MMP1, one of the core genes included in our prognostic model, belongs to the matrix metalloproteinase (MMP) family and primarily functions in the degradation of extracellular matrix (ECM) components (46, 47). In BC, MMP1 is frequently overexpressed and is significantly correlated with enhanced tumor invasiveness and metastatic potential. High MMP1 expression not only predicts poorer clinical outcomes but may also facilitate disease progression by remodeling the tumor microenvironment (48, 49). Previous studies have reported a strong association between MMP1 expression levels and the infiltration of immune effector cells, including CD8+ T cells, macrophages, and dendritic cells. This suggests that MMP1-mediated ECM degradation and associated signaling events may influence immune cell recruitment and distribution within the tumor, thereby modulating the immune landscape (50, 51). Additionally, upregulation of MMP1 has been implicated in the acquisition of chemoresistance. Specifically, high MMP1 levels in BC have been shown to reduce the sensitivity of tumor cells to chemotherapeutic agents, whereas MMP1 inhibition significantly restores drug responsiveness in resistant cancer cells (52). Consistent with these findings, our study confirmed that MMP1 is markedly overexpressed in BC tissues. Functional experiments further demonstrated that knockdown of MMP1 significantly suppressed the viability, invasiveness, and migratory capacity of BC cells. In vivo experiments in mice also revealed that silencing MMP1 effectively inhibited tumor growth. These findings highlight the crucial involvement of MMP1 in the progression of BC and suggest that it may be a promising target for therapeutic intervention.

While this study yielded significant findings, it has limitations that future research should address. The prognostic model’s development relied on retrospective data from public databases without validation in prospective clinical cohorts, raising concerns about generalizability due to batch effects and patient heterogeneity. Thus, further validation in multi-center BC cohorts is essential for confirming the model’s robustness. Additionally, the model is based on only two genes, which simplifies its application but may limit the biological insights. Future studies should consider incorporating more prognostically relevant genes or multi-omics data—such as genomic, epigenetic, and proteomic profiles—to better capture tumor heterogeneity and enhance predictive power.
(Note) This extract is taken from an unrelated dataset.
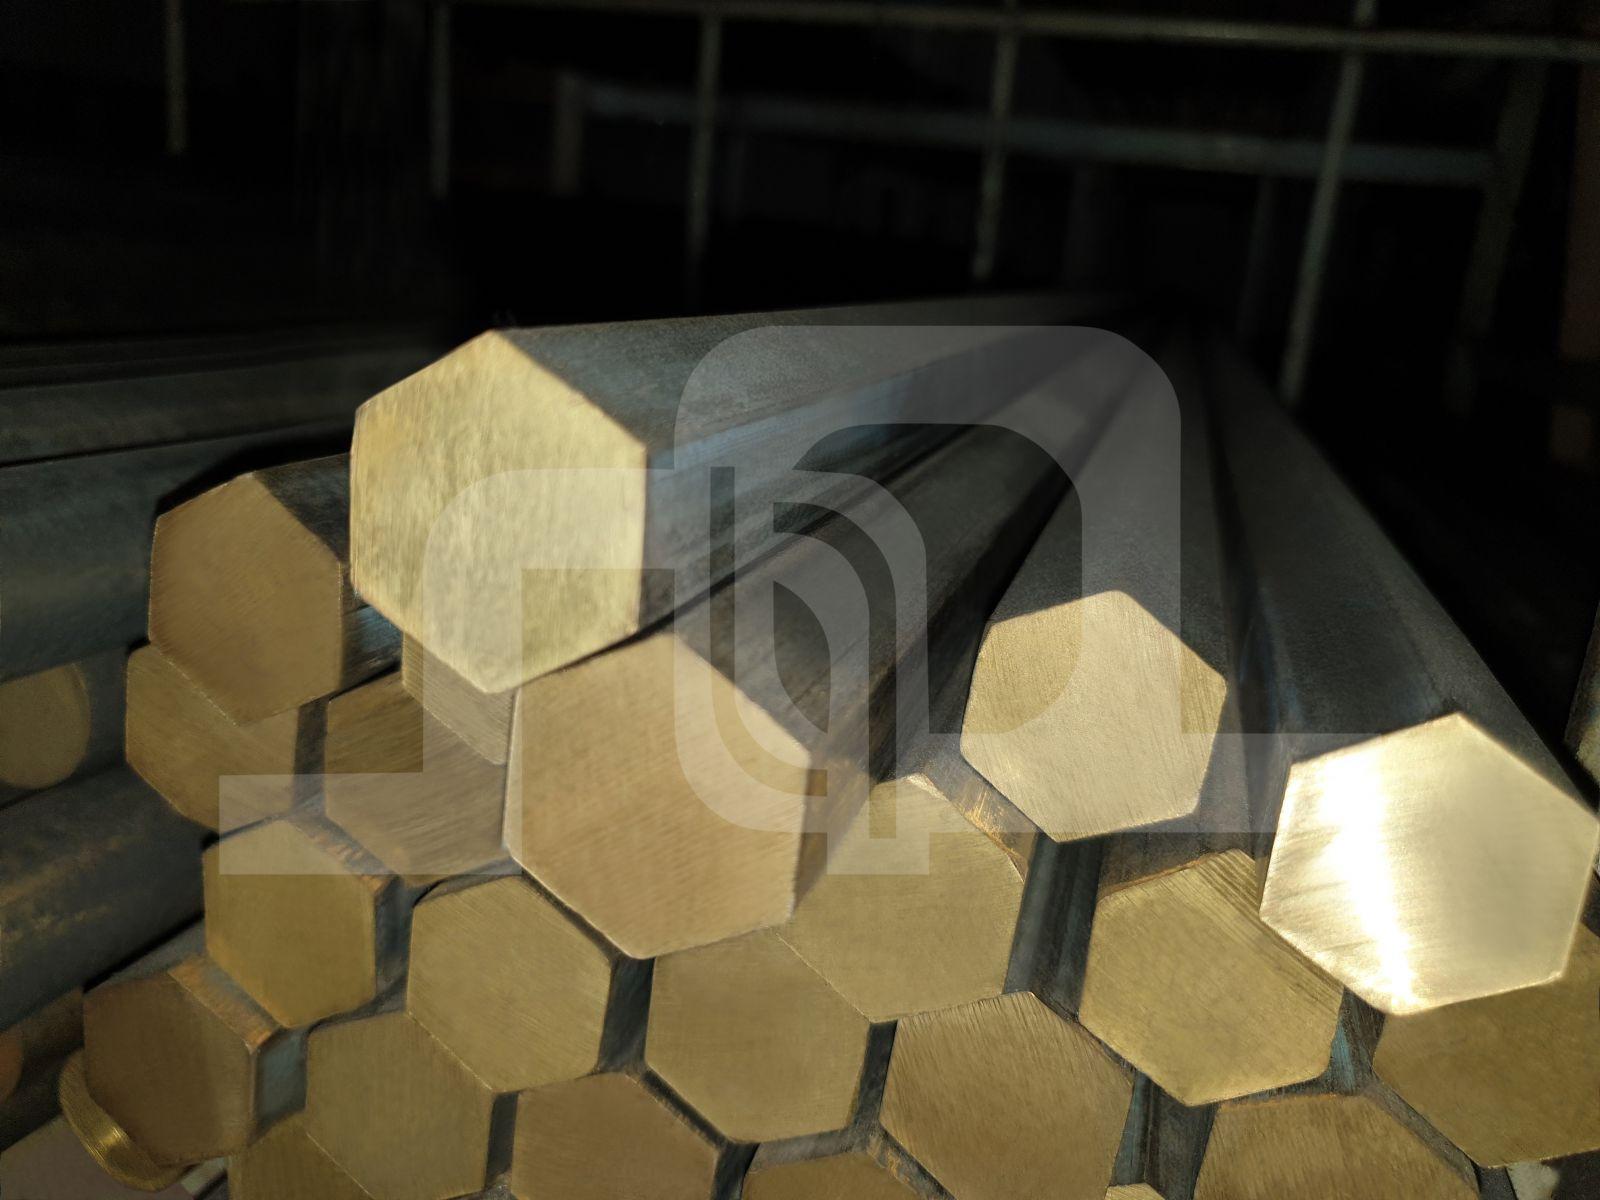 Unpeeled Brass Haxegon Rod

Moreover, future studies should aim to validate this prognostic model in multi-center prospective cohorts to confirm its robustness and applicability in clinical practice.

5 Conclusions

In this study, we investigated the expression patterns and prognostic significance of centromere-associated genes in BC using multi-cohort datasets from TCGA and GEO, along with single-cell RNA sequencing and other analytical techniques. We developed a CENP-related prognostic model consisting of two genes, MMP1 and TFPI, which demonstrated strong potential for stratifying BC patients by prognosis and molecular subtype. This model provides a foundation for personalized treatment strategies, especially for high-risk populations, and shows promise for future clinical application.

Statements

Data availability statement

The datasets presented in this study can be found in online repositories. The names of the repository/repositories and accession number(s) can be found in the article/Supplementary Material.

Ethics statement

The studies involving humans were approved by Medical Ethics Committee of Cancer Hospital of the Chinese Academy of Medical Sciences. The studies were conducted in accordance with the local legislation and institutional requirements. The participants provided their written informed consent to participate in this study. The animal study was approved by Ethics Committee of Cancer Hospital of the Chinese Academy of Medical Sciences. The study was conducted in accordance with the local legislation and institutional requirements.

Author contributions

LY: Data curation, Formal Analysis, Software, Writing – original draft, Writing – review & editing. PS: Data curation, Methodology, Writing – original draft, Writing – review & editing. WZ: Conceptualization, Formal Analysis, Funding acquisition, Writing – original draft, Writing – review & editing. ZQ: Methodology, Project administration, Writing – original draft, Writing – review & editing. XW: Conceptualization, Formal Analysis, Writing – original draft, Writing – review & editing. SL: Data curation, Software, Writing – original draft, Writing – review & editing. HD: Methodology, Project administration, Writing – original draft, Writing – review & editing. KY: Data curation, Writing – original draft, Writing – review & editing. YF: Funding acquisition, Methodology, Writing – original draft, Writing – review & editing. XK: Formal Analysis, Funding acquisition, Methodology, Writing – original draft, Writing – review & editing. JW: Conceptualization, Data curation, Funding acquisition, Writing – original draft, Writing – review & editing. GJ: Funding acquisition, Project administration, Software, Writing – original draft, Writing – review & editing.

Funding

The author(s) declare that financial support was received for the research and/or publication of this article. This work was supported by the Natural Science Foundation of China (No. 82473205), Natural Science Foundation of China (No. 82371842), Chinese Academy of Medical Sciences Innovation Fund for Medical Sciences (2023-I2M-2-004), and Shenzhen Medical Research Fund (D2402001), Youth Project of the Cooperative Fund of Shenzhen Hospital, Cancer Hospital, Chinese Academy of Medical Sciences (No. CFA202202017).

Acknowledgments

All authors acknowledge the contributions from the TCGA and GEO project

Conflict of interest

The authors declare that the research was conducted in the absence of any commercial or financial relationships that could be construed as a potential conflict of interest.

Generative AI statement

The author(s) declare that no Generative AI was used in the creation of this manuscript.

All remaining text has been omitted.